While exporting into Excel isn’t particularly ideal when working with just one article, being familiar with this process will be useful to you when working on more complex projects. As a very base-level example, if you are scraping an article for the name of the reporter, the published date, and a link to the article, you will need three Excel columns rather than one. In this case, an Excel sheet would be way more useful for organization than in our example.
And that’s a wrap on our code!
I’m not going to get into automation on this issue, as that incorporates RSS feeds and task scheduling on your computer. However, once you learn how to scrape a page, you do realize that skill by itself isn’t very useful for most projects. You are going to need to find a way to scrape large amounts of data periodically, without having to manually run the code.
With that being said, you won’t be able to understand RSS feeds and automation without first understanding the pattern behind a webpage’s code. Hence why I wrote this article. And once you truly do understand the pattern, every webpage becomes its own “puzzle,” as Newsroom AI Automation Engineer at Hearst Newspaper Ryan Serpico puts it.
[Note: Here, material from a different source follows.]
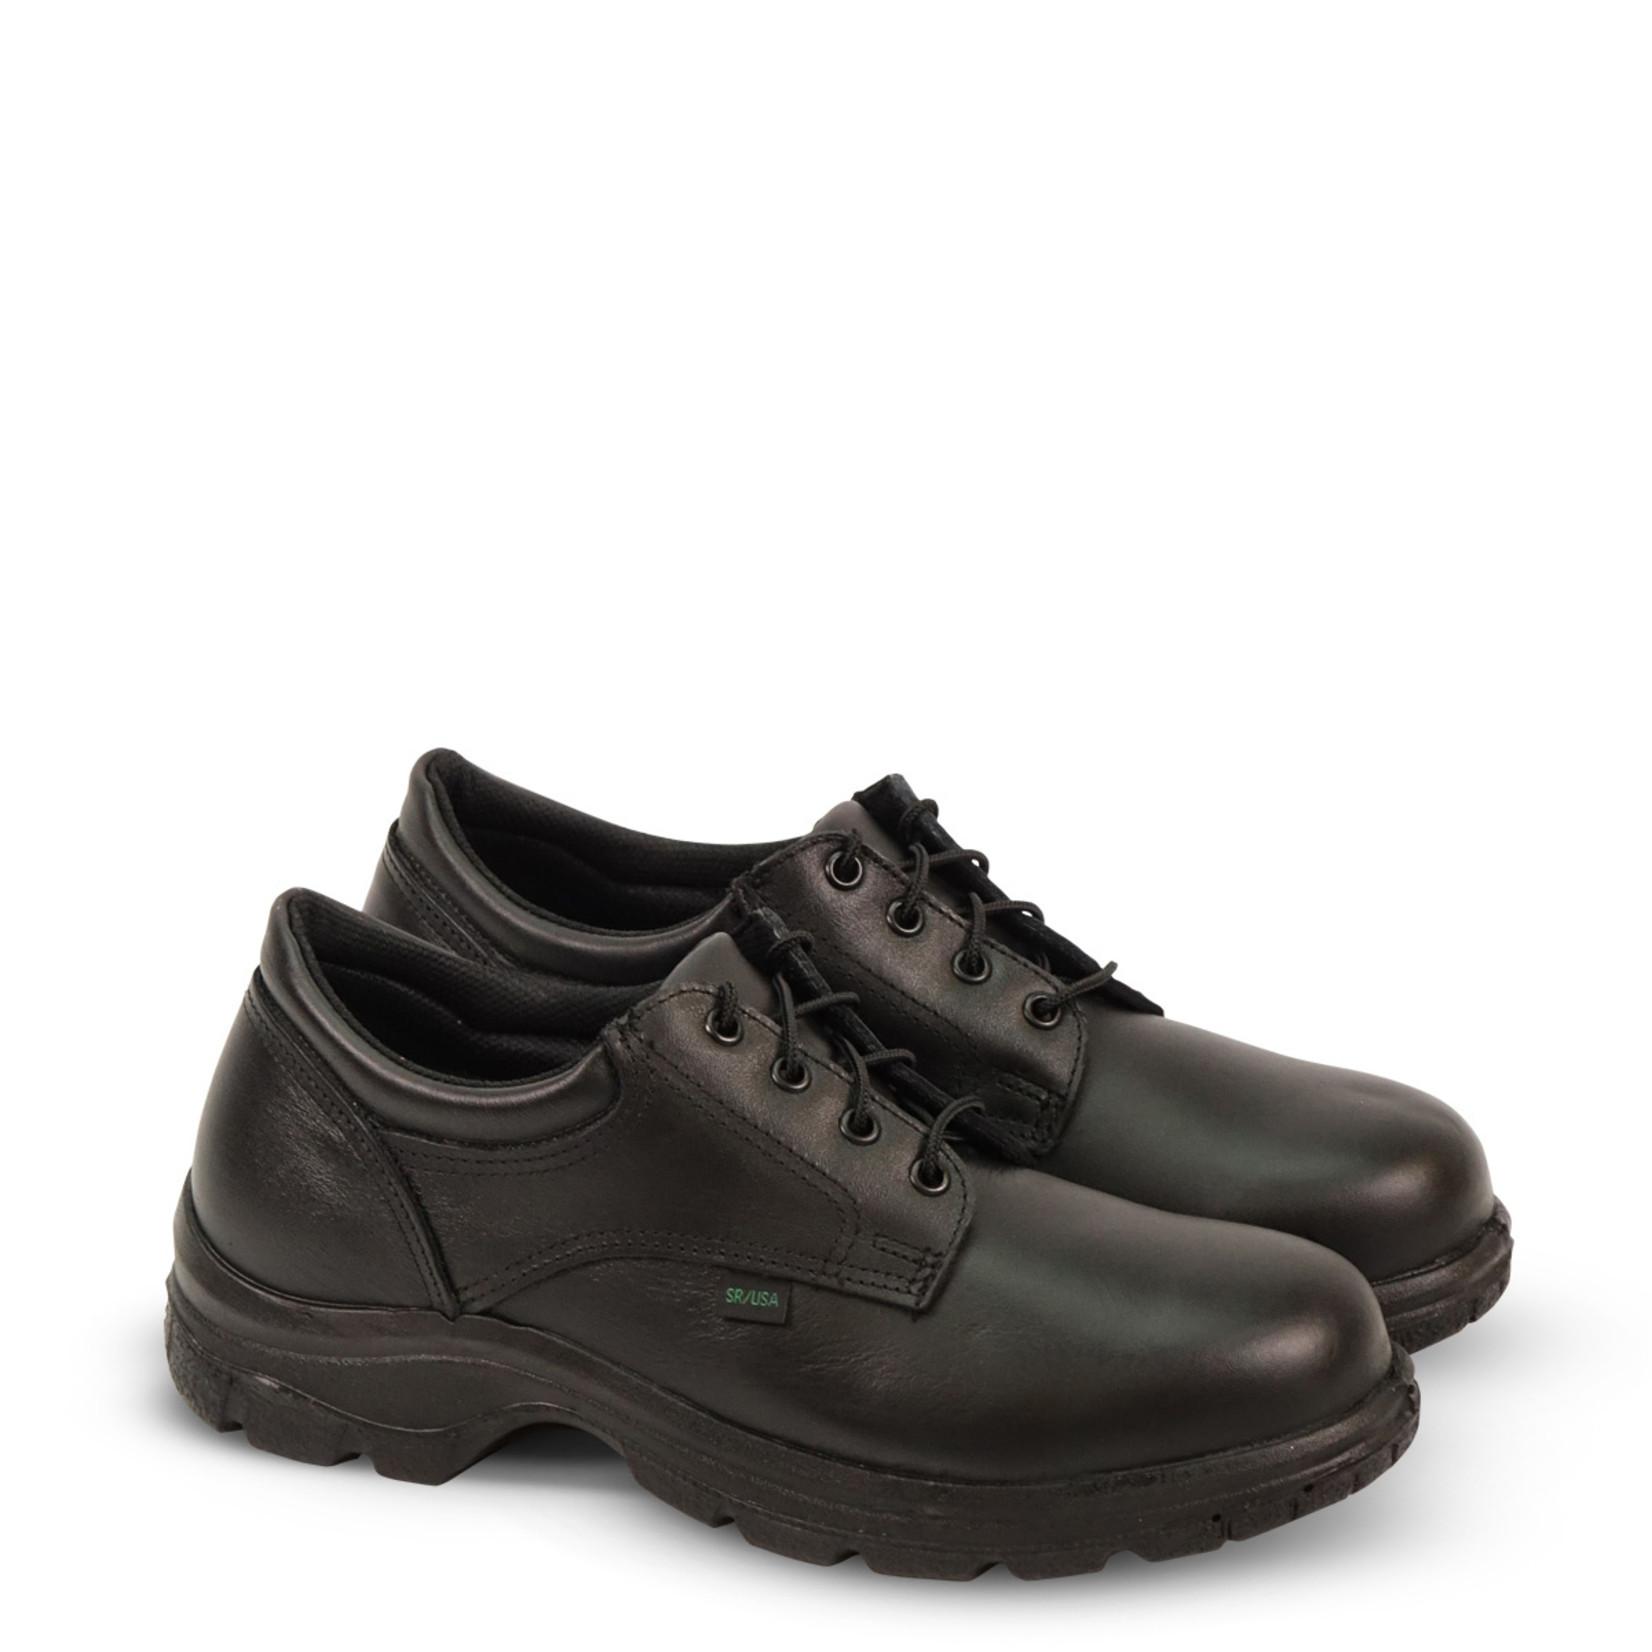 Thorogood Men's Thorogood Work Shoe PlainToe Oxford  Soft Streets 834-6905

The AI Team is privileged to collaborate with Ryan on our Source Directory bot, and his insights have been invaluable to us.
I hope you feel incredibly accomplished after scraping your first webpage! I’d encourage you to keep practicing your coding skills and keep on the lookout for any advanced web scraping articles I might publish. In the meantime, there are plentiful resources all over the wide web that’ll help take your code to the next level. If you’re interested, a fun next step could be to write a code that scrapes the Daily Texan’s main page, rather than just a single article from their site. And if you ever get stuck, you can always just ask ChatGPT to identify your error or explain the steps in a way that makes sense.
If you’re anything like me, this process made you super excited about just how many opportunities a simple code can open up for you. That just makes you want to dive in even deeper, so you can create something even more innovative and dynamic. Stay curious, and remember that this is a process of trial and error. You’ll only ever come out the other side with something new, something that you didn’t have before. So what’s there to lose?
Thanks to all who read until the end of this series, or interacted with any part at all. I know you can create anything that you think up in that marvelous mind of yours —- just put in the work and watch it come to fruition. Happy coding!